Core Concepts
Human gaze data offers valuable insights as an alternative to human rationale annotations for evaluating explainability methods in NLP.
Abstract
The study compares human gaze data with rationale annotations to evaluate XAI methods. It explores factors influencing data quality, task difficulty indicators, and decoding accuracies. Results show the potential of webcam-based gaze data as a cost-effective alternative for evaluating model explanations in multilingual settings.
The research delves into the analysis of WebQAmGaze dataset, eye-tracking patterns, and model explanations. It highlights the correlation between gaze entropy, reading times, and task difficulty. The study also examines the alignment of model explanations with human signals from rationales and gaze patterns.
Factors like WebGazer accuracy variations, participant characteristics (e.g., wearing glasses), text length, answer position influence decoding accuracies. The findings suggest that better webcam accuracy leads to higher decoding accuracies. The study emphasizes the importance of considering such factors when using gaze data for evaluation.
Overall, the research demonstrates the potential of webcam-based gaze data as a complementary source of information for evaluating XAI methods in NLP tasks across different languages and models.
Stats
Recording human gaze via webcams enables collection of larger datasets.

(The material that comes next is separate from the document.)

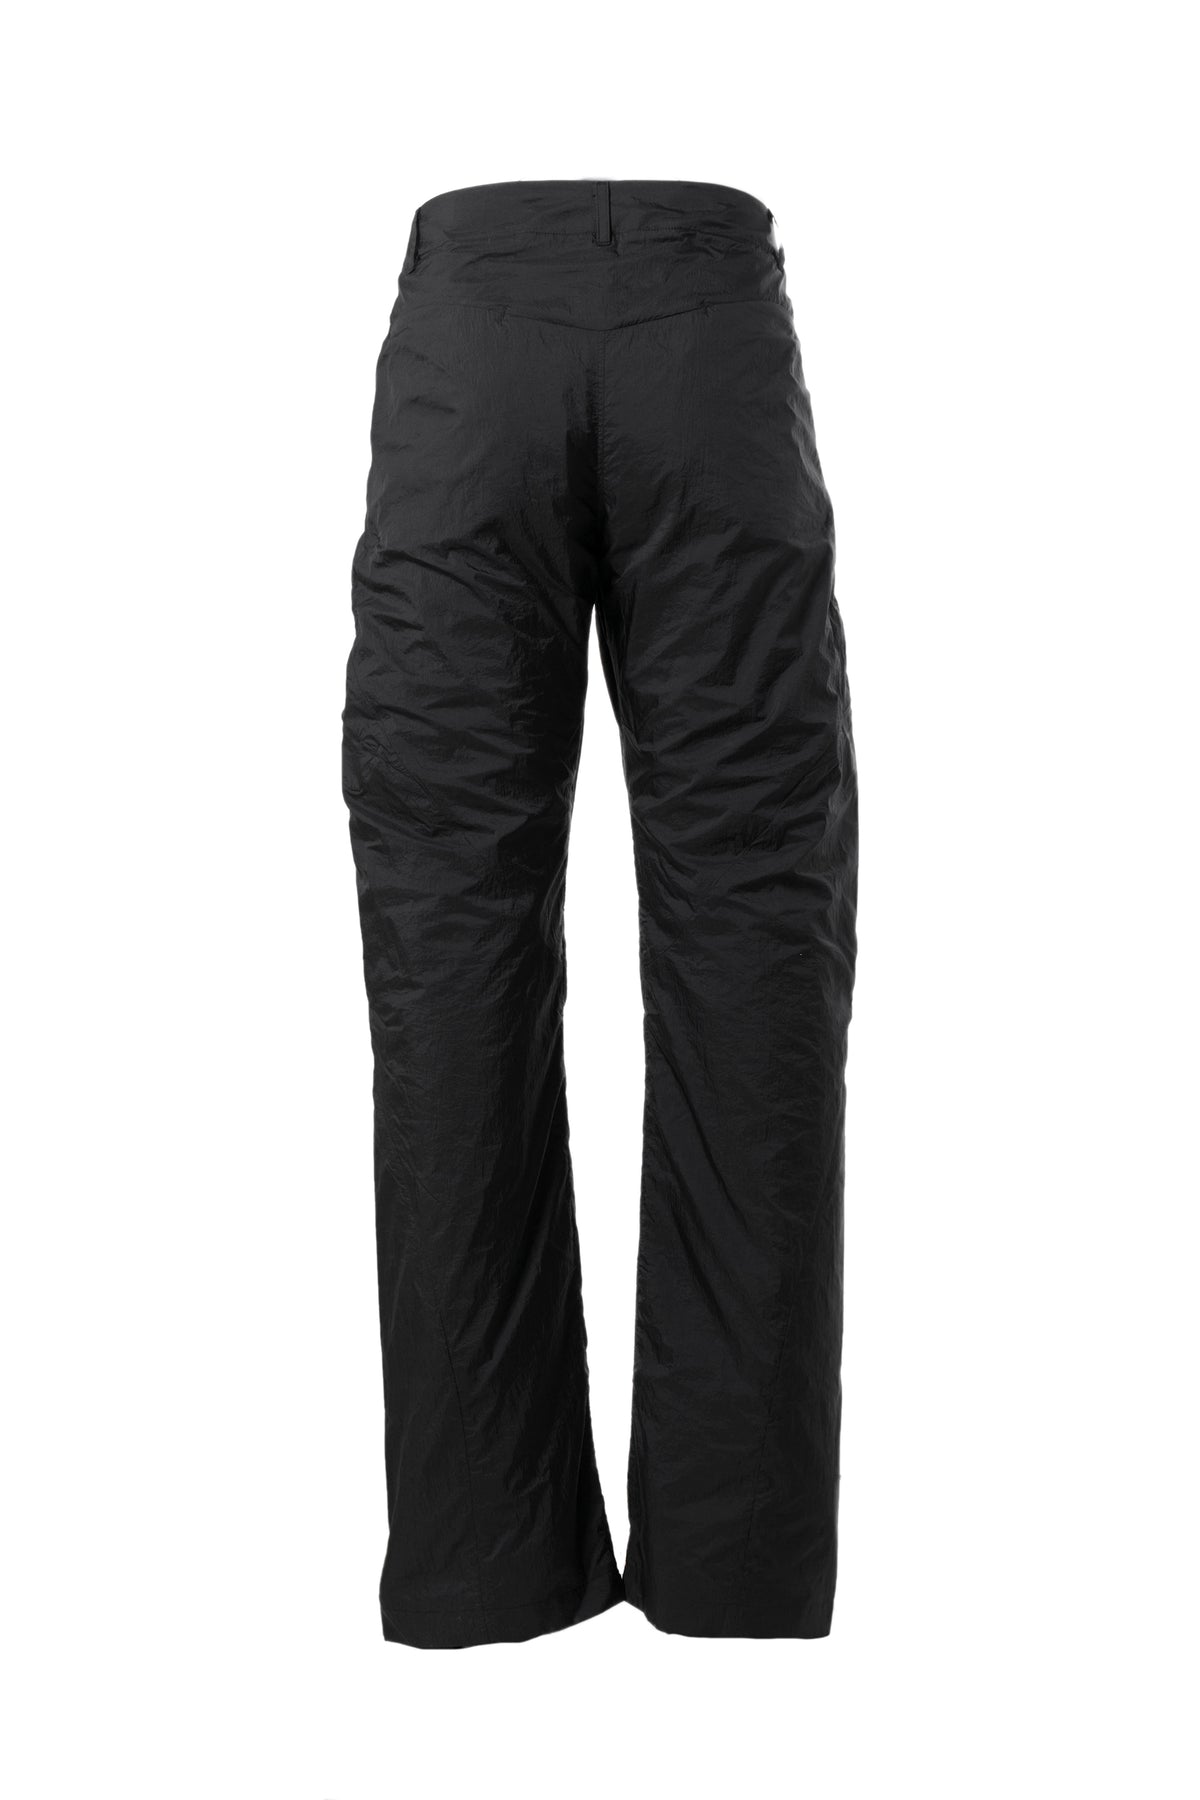 POST ARCHIVE FACTION 5.0+ TROUSERS CENTER / BLK/CHA

Entropy calculated on fixation patterns is an indicator for task difficulty.
Decoding accuracies vary across languages based on gaze data.
Model explanations can decode rationales effectively.
Factors like wearing glasses affect webcam accuracy in eye-tracking studies.
Quotes
"We find that models overall show slightly higher accuracies for shorter than longer answers."
"Webcam-based eye-tracking provides useful linguistic information even in lower quality recordings."
"The study emphasizes the importance of considering factors like text length and answer position when using gaze data for evaluation."